■ **WORK ORDER**:
Nothing but the lines from the one containing "Volume 9: The" through the last line of the material should appear in the answer, transcribed exactly, pictures excluded.

■ **GIVEN MATERIAL**:
****************************************

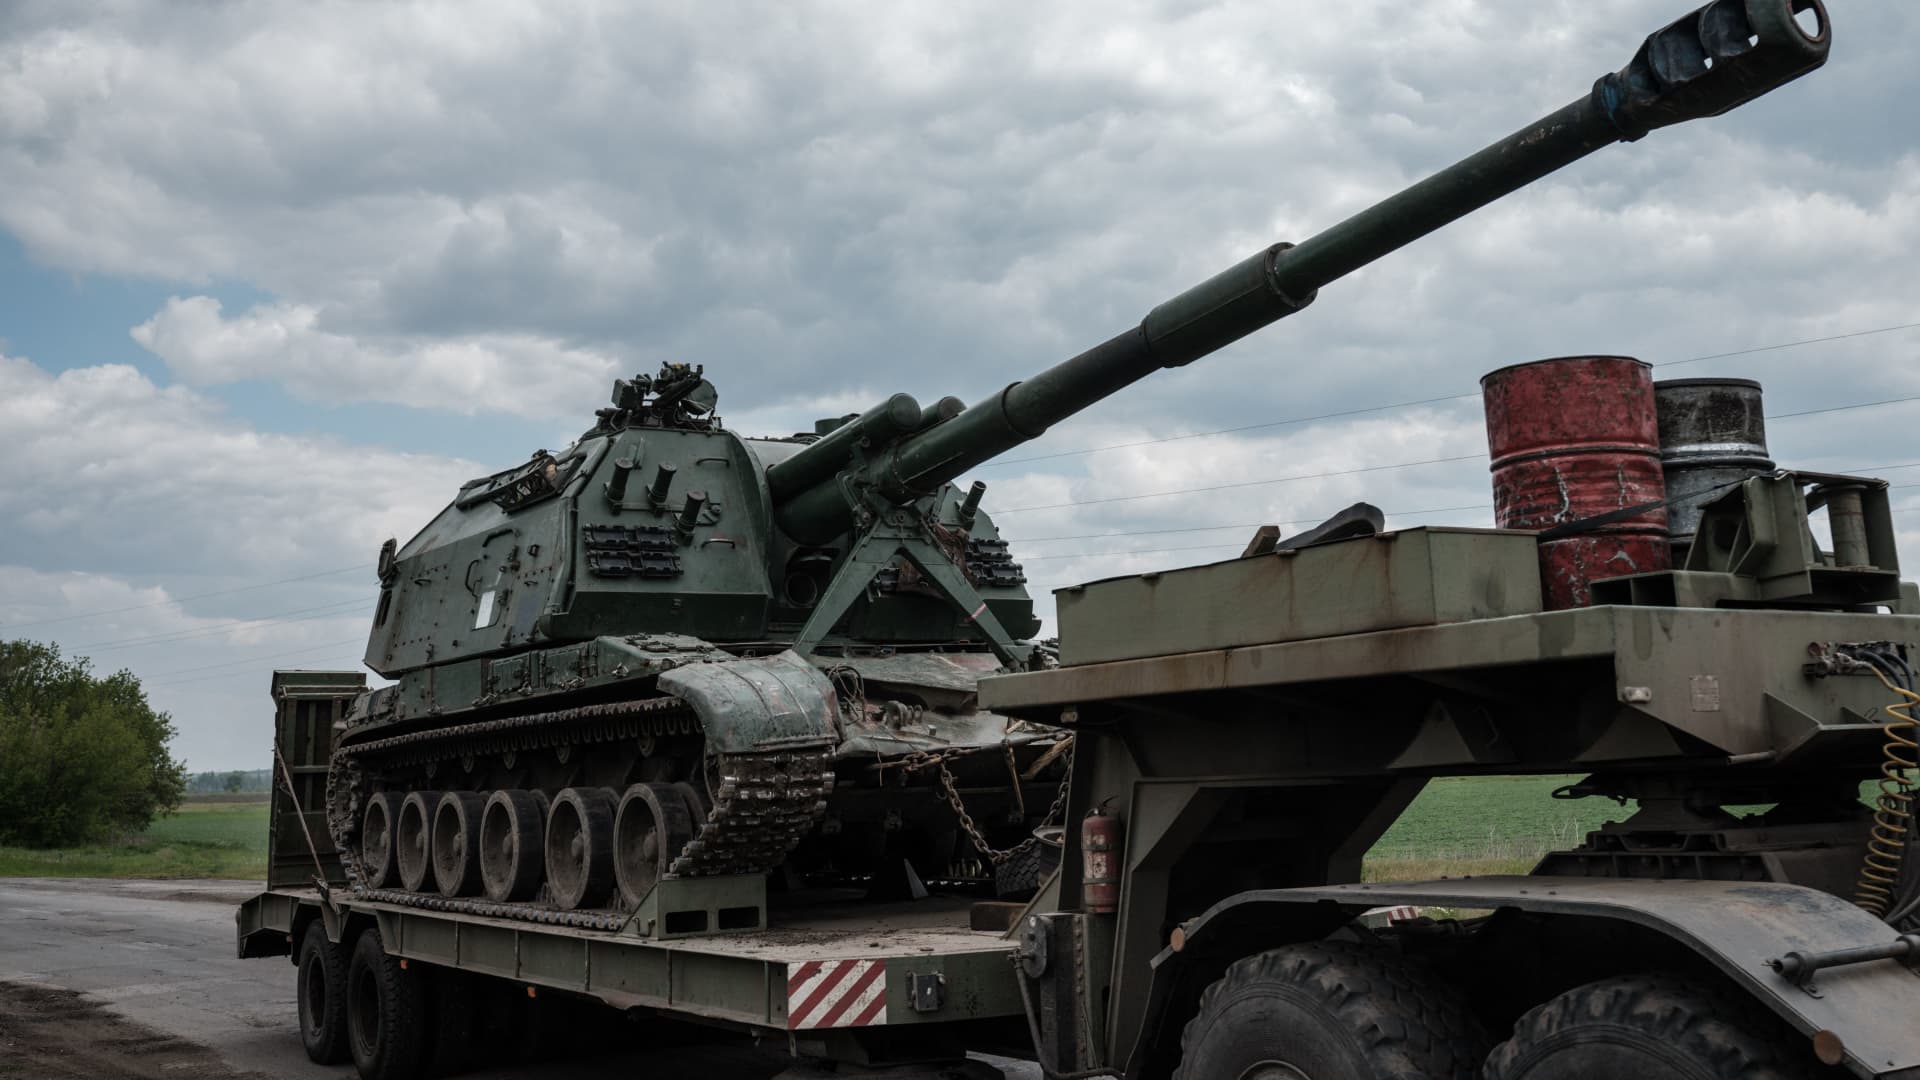 This photograph taken on May 10, 2022, shows a Ukrainian Army self-propelled howitzer loaded on a tank transporter near Bakhmut, eastern Ukraine.
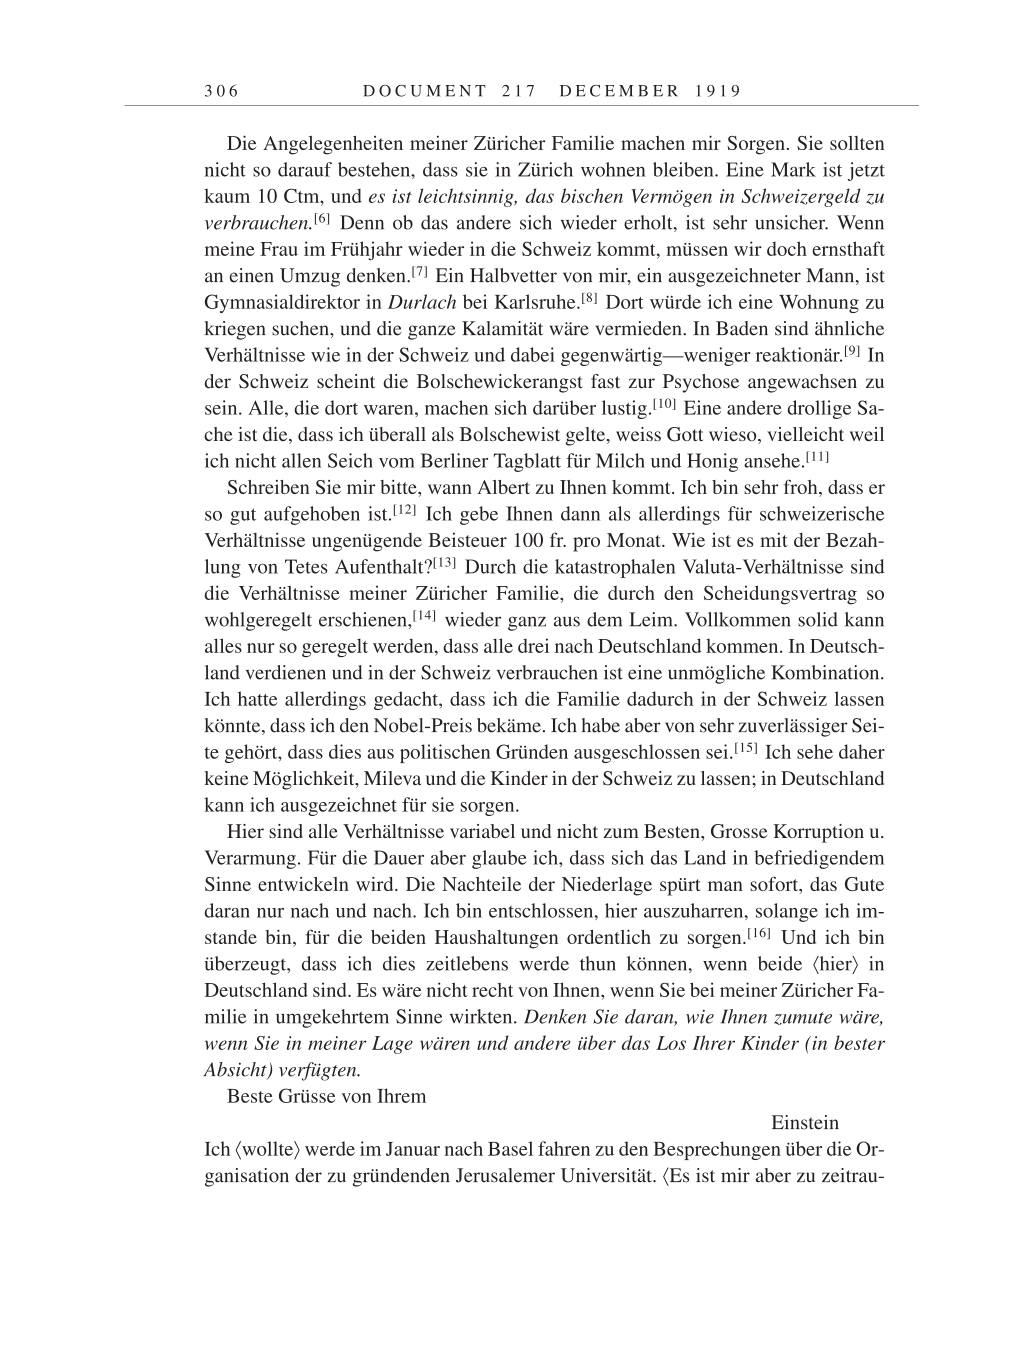 Volume 9: The Berlin Years: Correspondence January 1919-April 1920 page 306
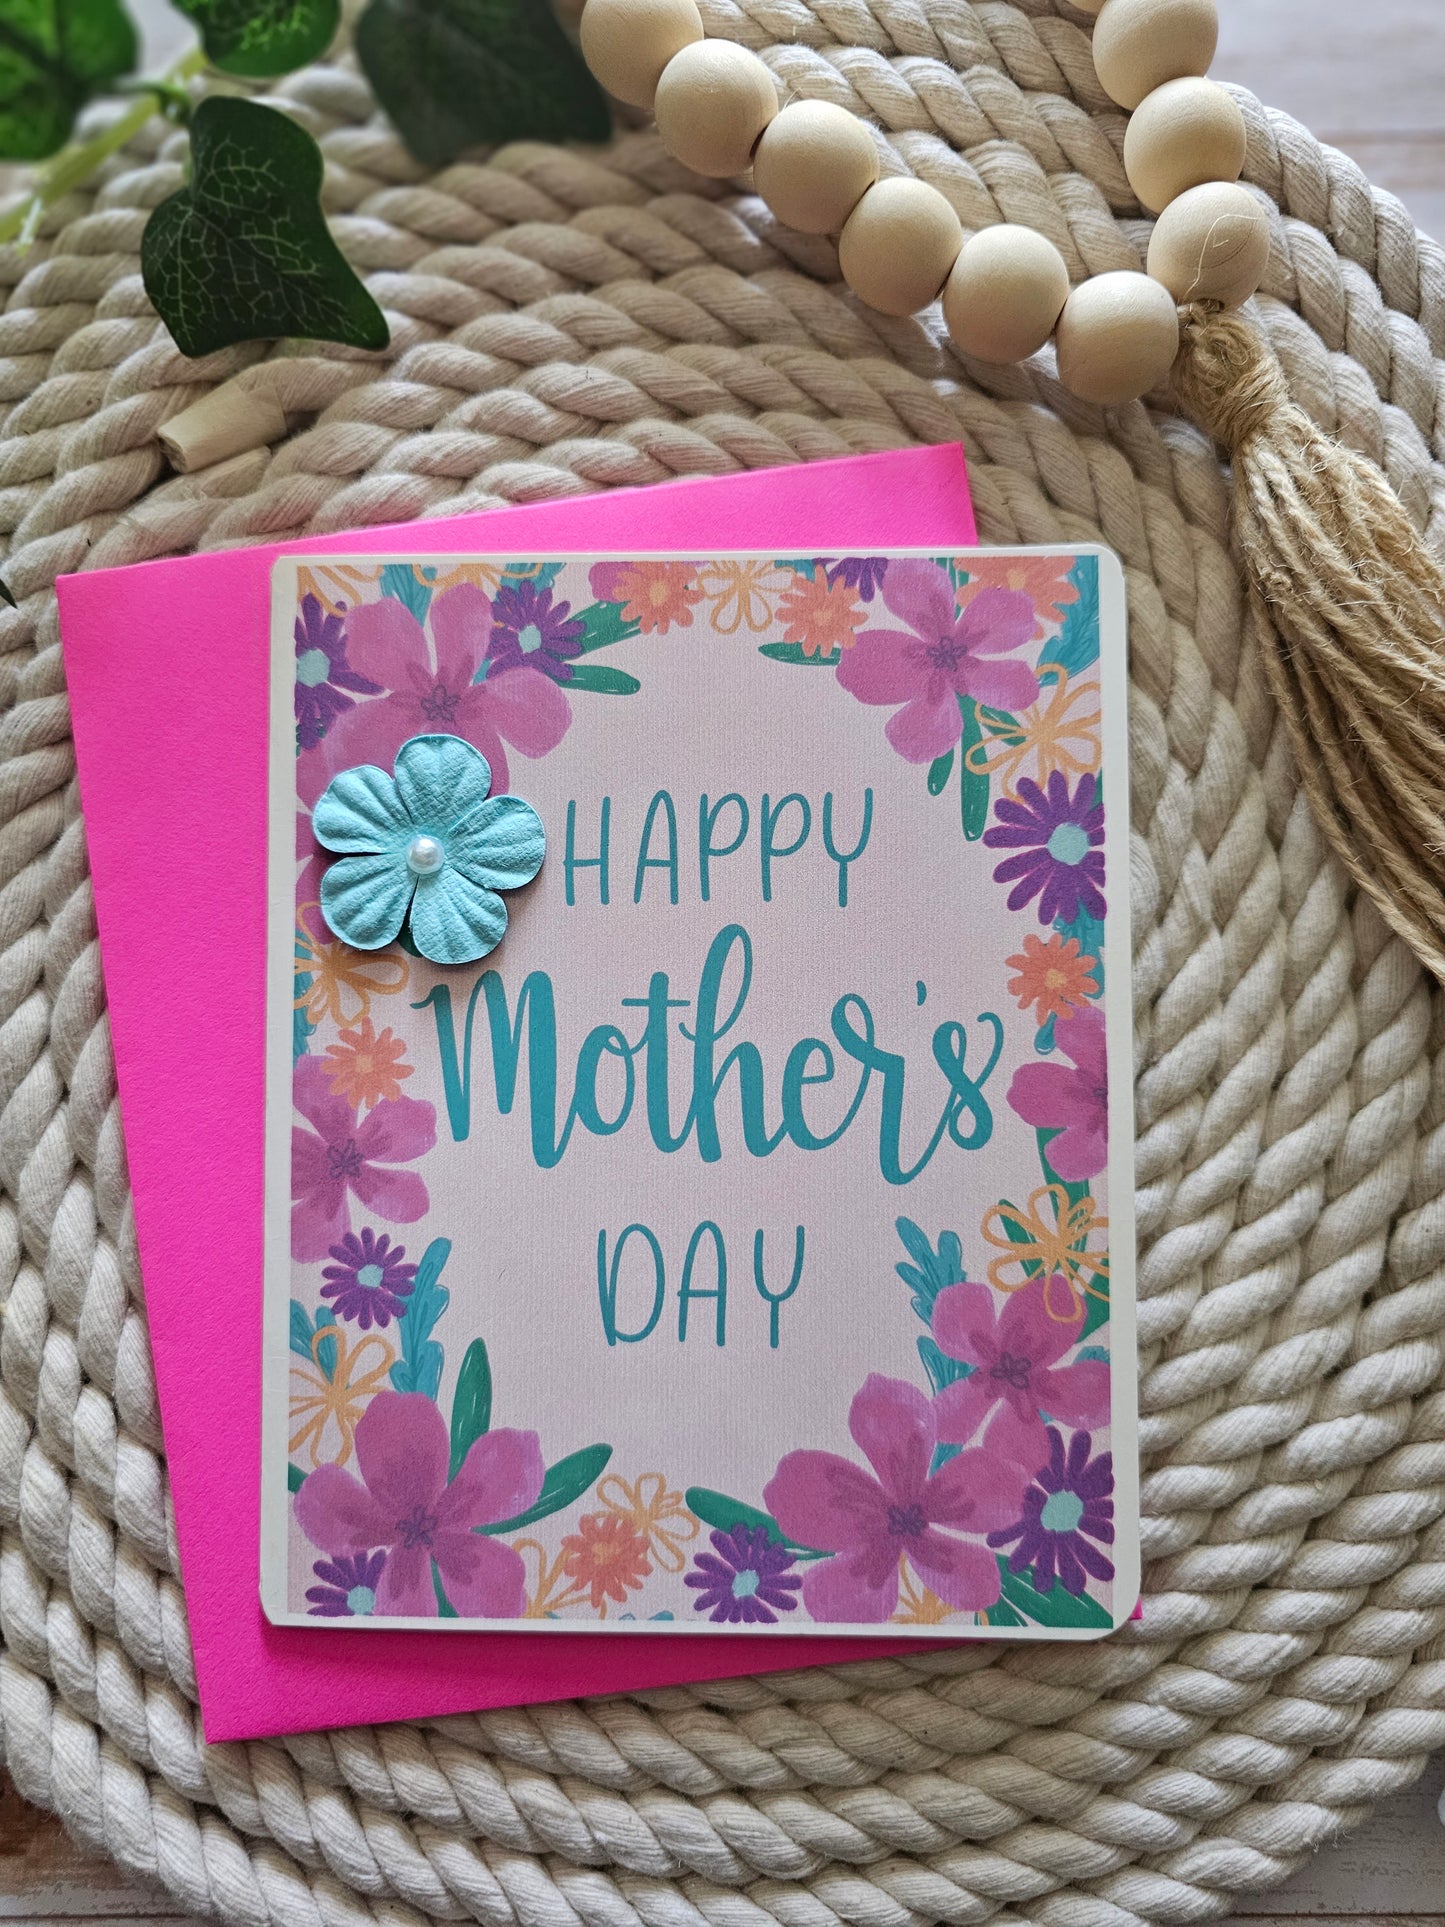 Happy Mother's Day Card with Flower

****************************************

■ **WRITTEN SOLUTION**:
 Volume 9: The Berlin Years: Correspondence January 1919-April 1920 page 306
 Happy Mother's Day Card with Flower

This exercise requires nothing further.